Existen, sin embargo, antecedentes suficientes como para sustentar un relato central coherente y fidedigno.  Y lo que emerge es una historia que se parece a  la oficial, pero que a fin de cuentas  es bien distinta.
Salvador Allende es un mártir universalmente reconocido; es el chileno más connotado de todo el siglo XX. Su sacrificio lo llevo a ocupar un lugar de privilegio no sólo en los anales de la historia de Chile, transformándolo en un referente que traspasó ampliamente nuestras fronteras.  Este es  un hecho incontrovertible. Pero, por sí solo no explica nada. Es sólo el último acto de una obra cuya trama pudo conducir a otros resultados, menos gloriosos pero también menos dolorosos.  La historia está muy lejos de ser una acumulación de episodios ineluctables que pasan porque simplemente tenían que pasar.

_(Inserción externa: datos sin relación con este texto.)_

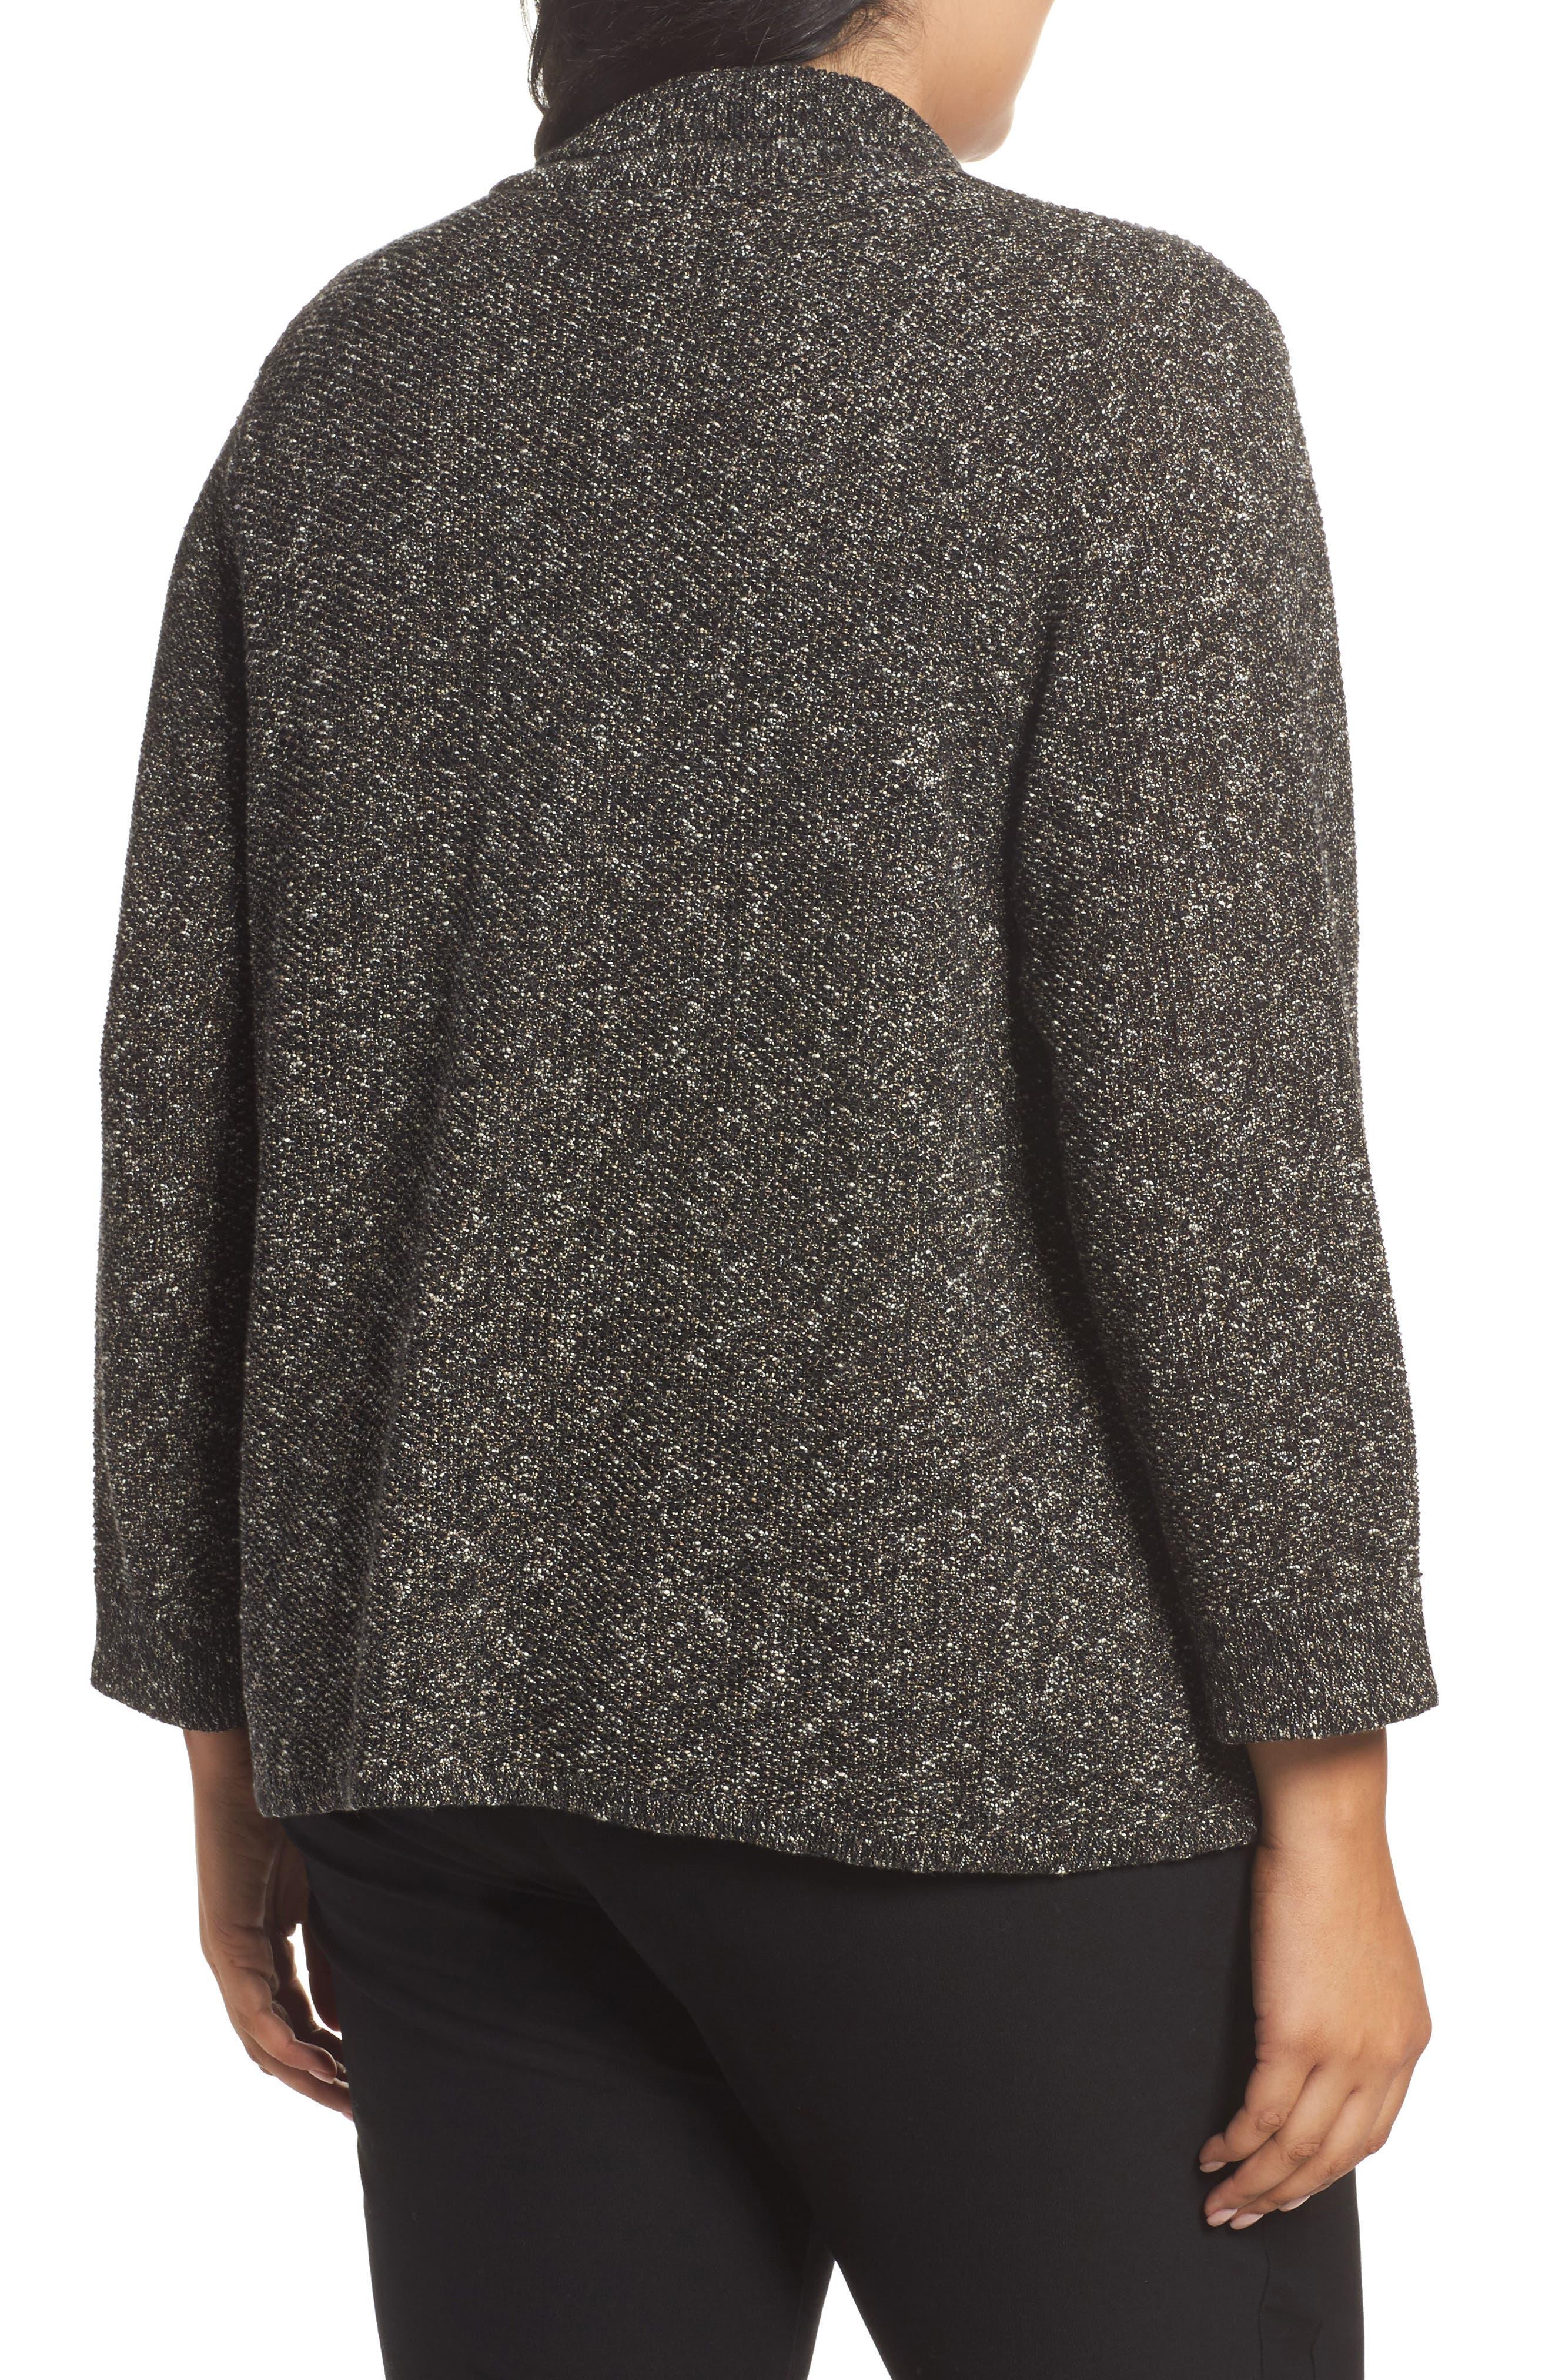 Alternate Image 2  - Eileen Fisher Organic Cotton Blend Sweater Jacket (Plus Size)

La  muerte de Allende  es tradicionalmente vista como la consecuencia inevitable de un proceso, que al amenazar poderosos intereses nacionales y extranjeros, no podía sino terminar de la manera trágica en que lo hizo. Por razones perfectamente contradictorias, admiradores y detractores  han terminado coincidiendo en la idea que su destino estaba  predeterminado.  Ese final trágico era inexorable. Como en las tragedias  griegas el final estaba escrito de antemano y no había fuerza humana capaz de modificarlo.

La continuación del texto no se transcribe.